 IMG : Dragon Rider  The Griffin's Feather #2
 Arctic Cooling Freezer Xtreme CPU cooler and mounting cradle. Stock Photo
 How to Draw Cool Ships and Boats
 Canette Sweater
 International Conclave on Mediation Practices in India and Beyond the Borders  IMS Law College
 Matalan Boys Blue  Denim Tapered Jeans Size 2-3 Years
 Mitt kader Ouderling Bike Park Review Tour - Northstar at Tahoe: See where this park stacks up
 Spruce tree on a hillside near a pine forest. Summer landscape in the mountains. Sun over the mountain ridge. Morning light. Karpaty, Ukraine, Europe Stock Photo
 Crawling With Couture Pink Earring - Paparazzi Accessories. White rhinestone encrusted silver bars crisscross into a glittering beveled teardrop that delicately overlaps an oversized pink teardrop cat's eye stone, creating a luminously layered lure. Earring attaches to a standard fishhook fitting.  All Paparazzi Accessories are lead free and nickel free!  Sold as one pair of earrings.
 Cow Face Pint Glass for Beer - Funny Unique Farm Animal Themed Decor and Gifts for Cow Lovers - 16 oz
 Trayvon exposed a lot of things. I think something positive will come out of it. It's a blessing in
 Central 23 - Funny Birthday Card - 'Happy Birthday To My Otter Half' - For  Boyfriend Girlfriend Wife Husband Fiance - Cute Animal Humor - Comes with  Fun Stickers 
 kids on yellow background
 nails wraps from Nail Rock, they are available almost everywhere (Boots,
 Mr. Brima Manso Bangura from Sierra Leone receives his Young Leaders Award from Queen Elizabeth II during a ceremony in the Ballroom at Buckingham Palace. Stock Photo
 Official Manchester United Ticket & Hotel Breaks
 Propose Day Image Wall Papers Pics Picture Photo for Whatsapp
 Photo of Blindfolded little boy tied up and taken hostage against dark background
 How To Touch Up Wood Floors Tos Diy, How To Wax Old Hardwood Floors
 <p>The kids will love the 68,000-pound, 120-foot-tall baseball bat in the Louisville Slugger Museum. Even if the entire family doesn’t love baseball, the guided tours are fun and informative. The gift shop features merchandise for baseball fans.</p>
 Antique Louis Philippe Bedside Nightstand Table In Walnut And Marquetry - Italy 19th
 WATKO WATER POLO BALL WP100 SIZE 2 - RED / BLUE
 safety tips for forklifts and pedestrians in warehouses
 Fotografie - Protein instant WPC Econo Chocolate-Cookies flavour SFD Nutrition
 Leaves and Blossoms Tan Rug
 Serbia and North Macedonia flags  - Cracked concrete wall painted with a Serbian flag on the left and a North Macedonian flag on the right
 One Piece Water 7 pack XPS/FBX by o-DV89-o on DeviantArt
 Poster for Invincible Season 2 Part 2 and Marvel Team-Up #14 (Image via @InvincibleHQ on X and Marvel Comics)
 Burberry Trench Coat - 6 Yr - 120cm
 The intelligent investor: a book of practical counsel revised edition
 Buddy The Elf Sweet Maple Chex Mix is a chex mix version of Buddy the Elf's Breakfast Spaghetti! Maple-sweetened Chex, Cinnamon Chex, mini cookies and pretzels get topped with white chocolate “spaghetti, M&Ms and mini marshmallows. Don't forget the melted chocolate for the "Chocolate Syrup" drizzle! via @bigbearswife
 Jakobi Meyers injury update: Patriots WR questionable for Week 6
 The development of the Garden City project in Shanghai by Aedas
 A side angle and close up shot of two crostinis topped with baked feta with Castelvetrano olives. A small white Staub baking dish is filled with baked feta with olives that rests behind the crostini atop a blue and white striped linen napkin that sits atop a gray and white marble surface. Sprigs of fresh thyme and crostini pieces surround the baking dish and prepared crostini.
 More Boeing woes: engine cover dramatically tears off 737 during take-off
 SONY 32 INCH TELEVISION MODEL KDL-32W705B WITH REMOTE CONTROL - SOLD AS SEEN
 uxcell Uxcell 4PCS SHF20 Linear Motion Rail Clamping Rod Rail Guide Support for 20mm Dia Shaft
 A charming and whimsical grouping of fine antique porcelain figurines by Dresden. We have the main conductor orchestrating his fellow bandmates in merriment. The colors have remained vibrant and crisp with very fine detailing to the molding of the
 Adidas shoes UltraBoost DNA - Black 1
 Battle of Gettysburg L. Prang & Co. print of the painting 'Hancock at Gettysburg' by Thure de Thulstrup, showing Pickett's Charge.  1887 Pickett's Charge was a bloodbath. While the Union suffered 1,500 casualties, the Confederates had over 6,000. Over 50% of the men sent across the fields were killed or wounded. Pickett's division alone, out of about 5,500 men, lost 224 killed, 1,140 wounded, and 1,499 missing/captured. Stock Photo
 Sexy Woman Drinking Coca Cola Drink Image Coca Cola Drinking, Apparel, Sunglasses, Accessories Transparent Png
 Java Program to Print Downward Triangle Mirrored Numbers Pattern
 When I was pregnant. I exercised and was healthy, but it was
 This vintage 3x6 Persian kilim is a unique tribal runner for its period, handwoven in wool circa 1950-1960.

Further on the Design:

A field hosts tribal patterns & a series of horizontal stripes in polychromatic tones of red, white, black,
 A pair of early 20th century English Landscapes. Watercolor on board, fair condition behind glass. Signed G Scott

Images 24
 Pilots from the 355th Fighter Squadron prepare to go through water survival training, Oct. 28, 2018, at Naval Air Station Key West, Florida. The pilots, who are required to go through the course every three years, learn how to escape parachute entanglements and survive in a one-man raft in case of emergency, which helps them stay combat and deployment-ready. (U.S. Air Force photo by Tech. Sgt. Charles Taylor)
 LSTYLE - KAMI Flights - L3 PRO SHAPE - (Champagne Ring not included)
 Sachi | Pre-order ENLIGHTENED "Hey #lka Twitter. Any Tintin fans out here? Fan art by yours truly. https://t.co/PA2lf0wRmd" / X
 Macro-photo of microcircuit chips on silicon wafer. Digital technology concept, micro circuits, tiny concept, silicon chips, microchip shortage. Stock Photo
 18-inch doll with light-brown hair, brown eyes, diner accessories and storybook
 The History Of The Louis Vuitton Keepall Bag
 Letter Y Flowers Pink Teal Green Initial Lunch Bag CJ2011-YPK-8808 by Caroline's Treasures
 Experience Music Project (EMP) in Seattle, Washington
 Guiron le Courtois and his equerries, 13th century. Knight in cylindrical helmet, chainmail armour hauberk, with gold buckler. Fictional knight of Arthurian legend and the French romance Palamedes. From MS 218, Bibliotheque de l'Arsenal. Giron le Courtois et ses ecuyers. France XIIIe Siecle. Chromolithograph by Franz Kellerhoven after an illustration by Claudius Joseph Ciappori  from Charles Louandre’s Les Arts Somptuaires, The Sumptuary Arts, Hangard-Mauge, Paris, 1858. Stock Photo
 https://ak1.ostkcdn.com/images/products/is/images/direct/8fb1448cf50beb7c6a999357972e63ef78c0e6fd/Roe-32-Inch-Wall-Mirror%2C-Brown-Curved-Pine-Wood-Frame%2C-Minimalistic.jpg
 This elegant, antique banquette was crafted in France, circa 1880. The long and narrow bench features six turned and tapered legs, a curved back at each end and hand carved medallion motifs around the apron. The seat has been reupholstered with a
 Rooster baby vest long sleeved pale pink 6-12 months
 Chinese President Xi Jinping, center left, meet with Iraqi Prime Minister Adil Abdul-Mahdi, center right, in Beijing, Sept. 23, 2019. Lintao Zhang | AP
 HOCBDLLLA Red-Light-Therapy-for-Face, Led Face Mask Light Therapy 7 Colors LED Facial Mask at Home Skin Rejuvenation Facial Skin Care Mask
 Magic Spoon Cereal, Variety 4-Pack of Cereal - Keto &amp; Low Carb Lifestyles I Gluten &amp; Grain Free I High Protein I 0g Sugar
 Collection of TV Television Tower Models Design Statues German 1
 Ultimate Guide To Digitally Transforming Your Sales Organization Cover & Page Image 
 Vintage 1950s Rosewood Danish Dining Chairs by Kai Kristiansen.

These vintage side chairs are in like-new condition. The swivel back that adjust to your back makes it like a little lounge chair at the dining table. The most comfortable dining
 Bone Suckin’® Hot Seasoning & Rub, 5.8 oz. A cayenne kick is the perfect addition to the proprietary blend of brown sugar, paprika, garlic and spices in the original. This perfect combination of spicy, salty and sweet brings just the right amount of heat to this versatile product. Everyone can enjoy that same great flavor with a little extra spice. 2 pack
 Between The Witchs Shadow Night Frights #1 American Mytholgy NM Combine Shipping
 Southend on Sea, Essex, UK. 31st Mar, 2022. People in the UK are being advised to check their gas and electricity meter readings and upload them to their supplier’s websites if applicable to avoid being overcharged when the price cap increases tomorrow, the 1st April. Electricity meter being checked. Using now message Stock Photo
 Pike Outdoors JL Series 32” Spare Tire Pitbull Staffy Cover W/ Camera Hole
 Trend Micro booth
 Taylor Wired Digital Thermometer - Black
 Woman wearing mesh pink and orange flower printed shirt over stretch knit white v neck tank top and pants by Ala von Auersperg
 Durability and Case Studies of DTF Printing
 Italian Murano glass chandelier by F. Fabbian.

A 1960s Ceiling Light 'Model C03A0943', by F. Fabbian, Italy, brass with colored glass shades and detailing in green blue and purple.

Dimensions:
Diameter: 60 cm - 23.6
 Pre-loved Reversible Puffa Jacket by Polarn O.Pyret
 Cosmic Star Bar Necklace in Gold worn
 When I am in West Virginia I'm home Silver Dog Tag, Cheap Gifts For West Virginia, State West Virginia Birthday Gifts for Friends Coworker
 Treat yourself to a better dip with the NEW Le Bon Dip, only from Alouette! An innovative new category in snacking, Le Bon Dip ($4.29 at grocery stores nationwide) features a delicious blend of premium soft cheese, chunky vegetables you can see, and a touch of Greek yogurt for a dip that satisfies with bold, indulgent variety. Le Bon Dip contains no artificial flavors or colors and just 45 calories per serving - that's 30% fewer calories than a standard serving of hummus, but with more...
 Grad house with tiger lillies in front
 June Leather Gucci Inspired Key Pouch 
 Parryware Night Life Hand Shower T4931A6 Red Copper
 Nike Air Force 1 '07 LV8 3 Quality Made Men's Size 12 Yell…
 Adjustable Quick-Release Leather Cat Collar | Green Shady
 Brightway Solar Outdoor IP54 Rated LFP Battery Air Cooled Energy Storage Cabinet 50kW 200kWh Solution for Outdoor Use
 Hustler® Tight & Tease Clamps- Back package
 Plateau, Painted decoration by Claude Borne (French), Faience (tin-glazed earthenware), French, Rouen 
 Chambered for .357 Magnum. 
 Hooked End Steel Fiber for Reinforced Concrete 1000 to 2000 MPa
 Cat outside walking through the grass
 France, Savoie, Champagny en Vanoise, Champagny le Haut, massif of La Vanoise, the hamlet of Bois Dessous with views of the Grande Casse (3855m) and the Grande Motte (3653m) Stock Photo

• • • •

## EXERCISE GOAL
Given the data above, transcribe exactly the lines from the one containing "A side angle" down to the one containing "Adidas shoes UltraBoost DNA - Black 1", and no others.

## RESPONSE AREA
 A side angle and close up shot of two crostinis topped with baked feta with Castelvetrano olives. A small white Staub baking dish is filled with baked feta with olives that rests behind the crostini atop a blue and white striped linen napkin that sits atop a gray and white marble surface. Sprigs of fresh thyme and crostini pieces surround the baking dish and prepared crostini.
 More Boeing woes: engine cover dramatically tears off 737 during take-off
 SONY 32 INCH TELEVISION MODEL KDL-32W705B WITH REMOTE CONTROL - SOLD AS SEEN
 uxcell Uxcell 4PCS SHF20 Linear Motion Rail Clamping Rod Rail Guide Support for 20mm Dia Shaft
 A charming and whimsical grouping of fine antique porcelain figurines by Dresden. We have the main conductor orchestrating his fellow bandmates in merriment. The colors have remained vibrant and crisp with very fine detailing to the molding of the
 Adidas shoes UltraBoost DNA - Black 1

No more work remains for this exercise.